Monday, March 18, 2013

MAC



I like Tolkien. This has been established. Tolkien drew a monogram at one point in his career, and since his death his son and estate have used it to brand his output. It has become a kind of trademark or “stamp” upon his canonical as well as his posthumous work. I don't believe the symbol appeared on any of his first editions. Nevertheless, the simplicity and quasi-mystic occult look of the monogram can't be overstated; it is an amazing symbol.



Following in his Gandalfy footsteps, I've made a monogram from my three names. While I was inspired to do so after seeing his monogram, mine bears little resemblance to Tolkien's, instead it looks more like a band logo. The monogram shows M, as two triangular peaks, with an A between them. The little crescent moon over the top is the C of my last name. It does bear some resemblance to Leviathan's logo, and Storm's Nordavind album cover; a moon over mountaintops. The fact that this monogram is bilaterally symmetrical allows me to make this strange “knot”, which looks like the Norse walknut, a gordian knot, or the Japanese triforce / fishscale mon I sometimes use. It also looks like the fancy “sacred geometry” design that is getting popular after a few centuries of Kabbalistic obscurity. But mainly, it's just my name three times with an extra triangle.

Sunday, March 17, 2013

RUNES



This is the third drawing I've made for this manuscript series/project. The drawing is basically an explanation of the runes I've created, and what runes are, in a general historical sense.

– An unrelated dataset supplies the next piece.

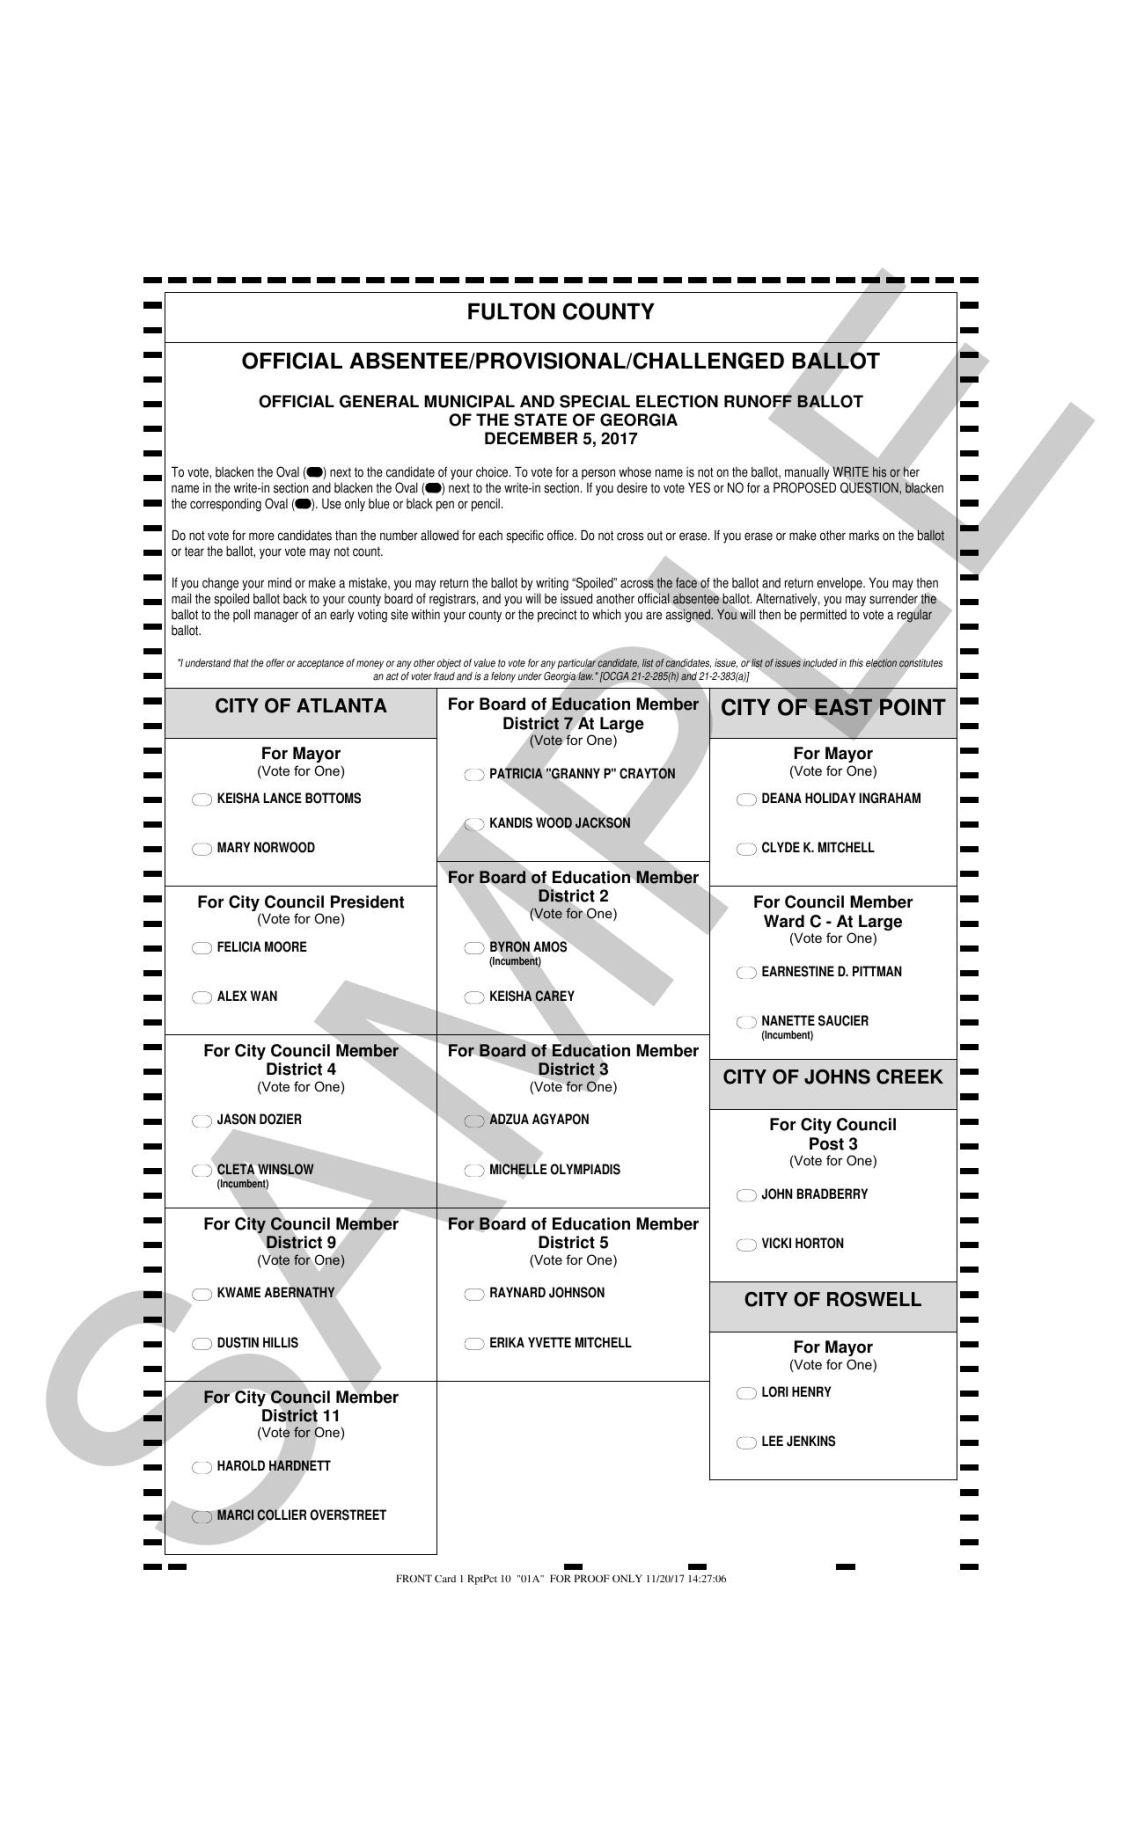 Fulton County runoff sample ballot | NeighborNewsOnline ...

Runes are angular letters used by the peoples of ancient Europe. They were carved into metal, stone or wood, and hence do not make use of curved lines. The most famous set of runes is the Futhark, used by the Norse. Tolkien's Cirth runes draw heavily from these runes. I have not drawn heavily from either set, being influenced by the Japanese Katakana alphabet, I have gone for simplicity, not linguistic correctness, and so my alphabet is quite small. Katakana employs a small mark called a diacritic (they call it a hakuten, I believe), this mark shifts their “g” into their “k”, from a voiceless to a voiced consonant. Taking this idea, I've managed to reduce my alphabet to eighteen runes, some of which stand for more than one letter. Letters like C and Q do not have their own runes. Ha!

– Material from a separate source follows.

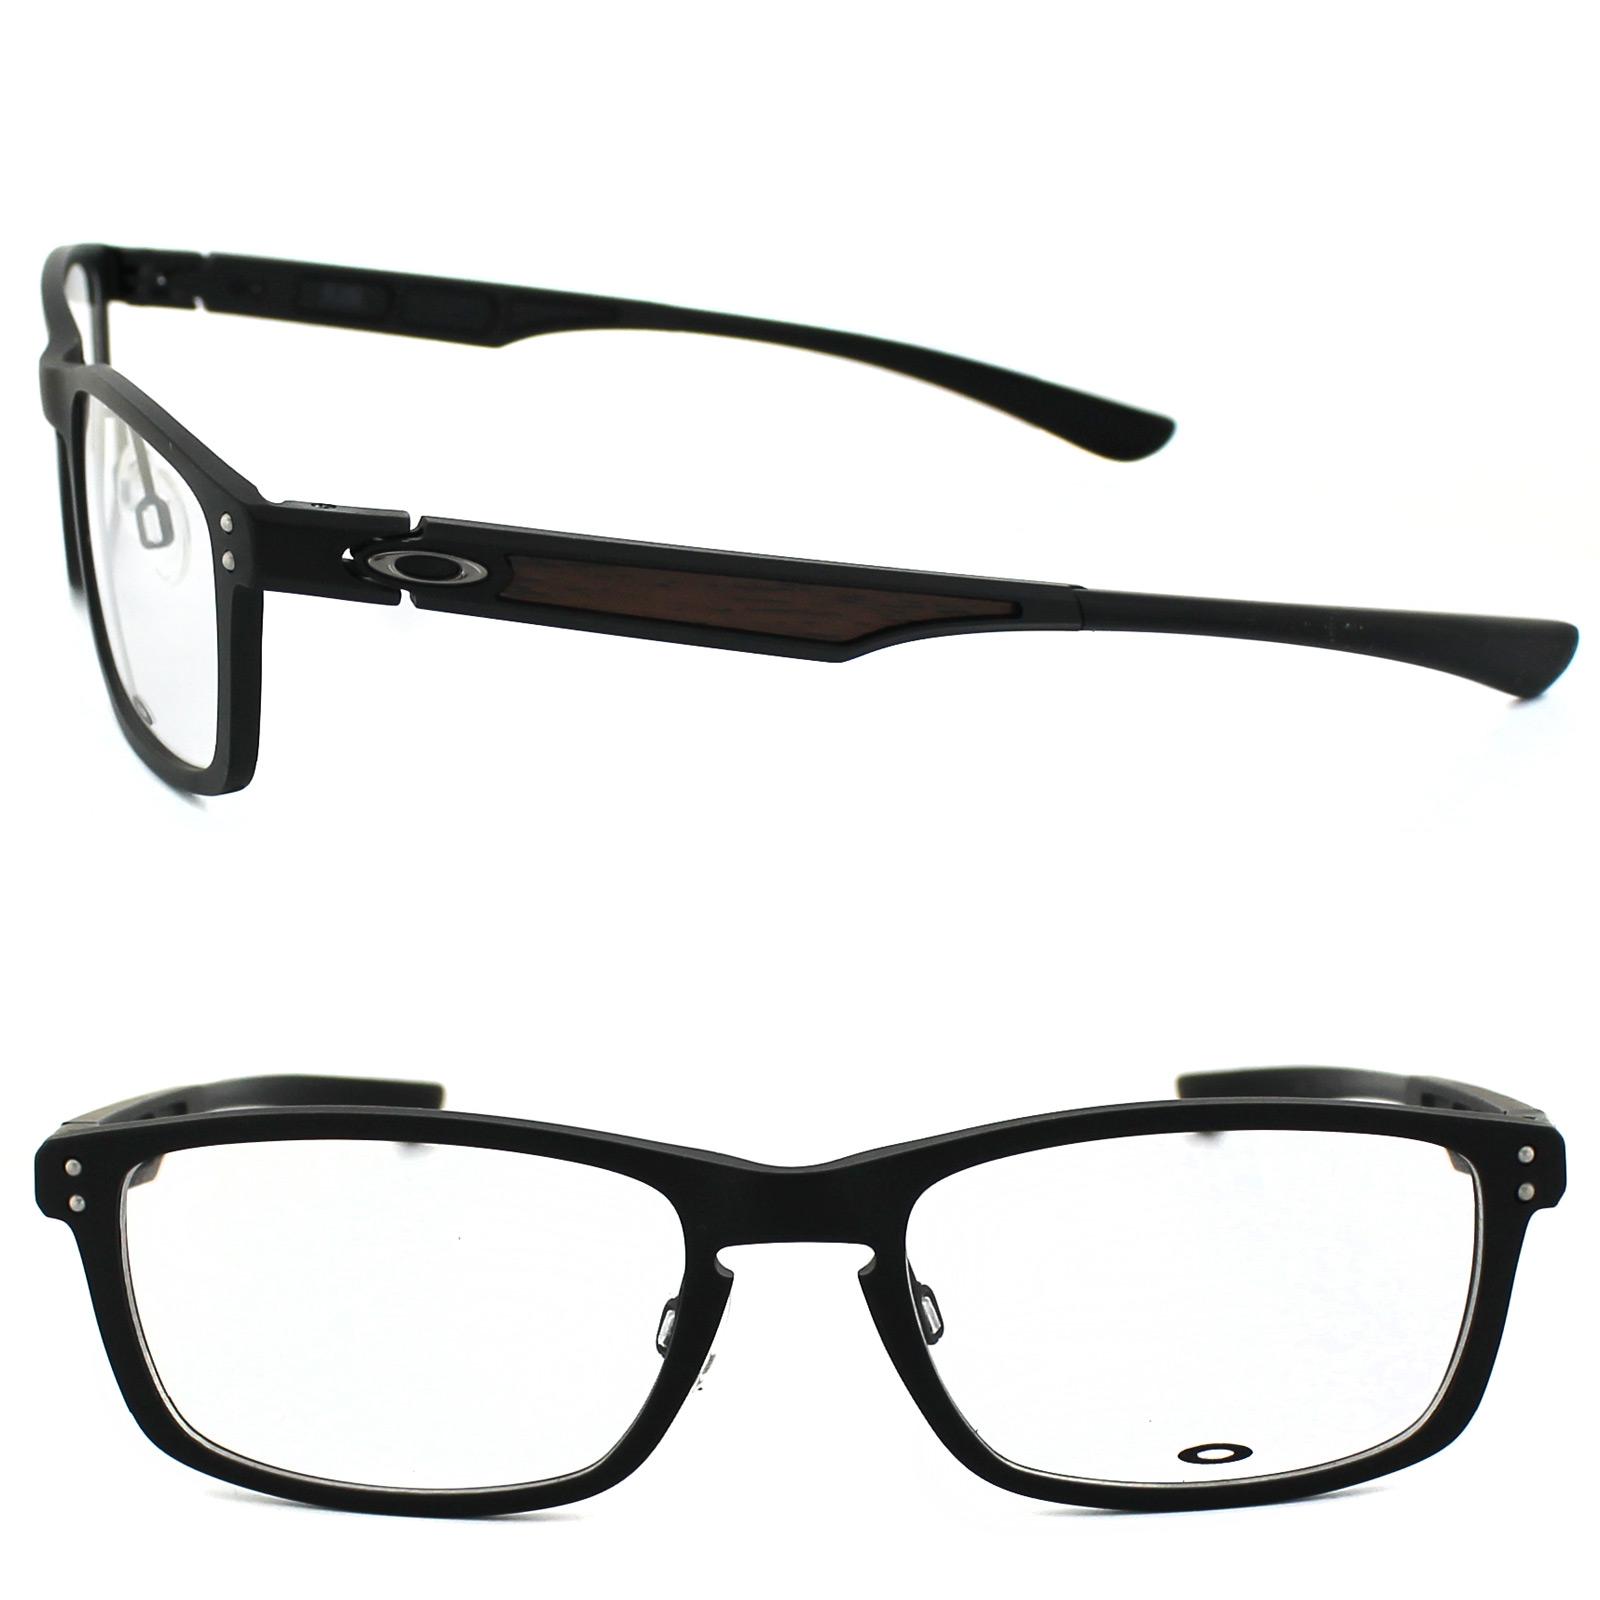 48d237e2d1 Oakley Style Plank Eyeglasses « Heritage Malta

The illuminated parts of the drawing reference old manuscript details, specifically of books and monks and saints and scholars copying books or studying. The mistletoe in the background is a druidic fertility symbol, and the oak that it is usually parasite to has significance in paganism. There are no visible band references in this drawing, which is pretty incredible. I cut a lot of details about gods of language and quasi masonic word magic from this drawing, and I think it is better for it, especially as this piece was meant to help people understand what I am doing. I am willing to help people.

Friday, March 1, 2013

NOOTHGRUSH II



This is the second of my manuscript drawings, and the second to focus Narrowly on the Californian sludge trio (now a quartet?!) Noothgrush. For more information about Noothgrushes, please refer to Dr. Seuss' "There's a Wocket in my Pocket".

I'm starting to understand more what manuscripts are all about, but this piece is still more heavily illuminated than any "true" Medieval manuscript would have been. The drawing focuses on Noothgrush's disdain for the human race, and the tendency of our species to upset the natural order and completely render anything we touch unlivable. Or dead. Noothgrush, as well as other bands around the mid nineties who played shows in the same scene, Grief, Man is the Bastard, Seized, expressed a misanthropic mindset, which sometime bordered onto actively promoting human extinction. This is an interesting concept when one realizes that the population of Europe did in fact almost face extinction during the time when these handmade books flourished, due to the spread of the bubonic plague. Noothgrush, however misanthropic you find them, do make salient points about the callousness of our species in regards to ecology, and especially our sense of entitlement and superiority, neither of which is founded on anything concrete. The text in this manuscript is from a 1997 interview, but it is informed by the same worldview which they held (and still do hold) while writing songs such as Stagnance and Useless.

I find the manuscript format quite appropriate when looking at these seemingly flippant, though very wise and well meaning words. Manuscripts were used to record knowledge, not just of canonical bible verses (and indeed the format of a handwritten bible is responsible for much of the look and format, and likely the errors too, in the modern bible) but also the teachings of various saints and lesser religious leaders. They were kept in monasteries and rewritten into other languages, after being borrowed, in whole or in piece, by other monks or scholars. I think that their is a great deal to be gained from looking at song lyrics, and interviews with bands from the grind/sludge/powerviolence, especially the cluster of great bands from the state of California.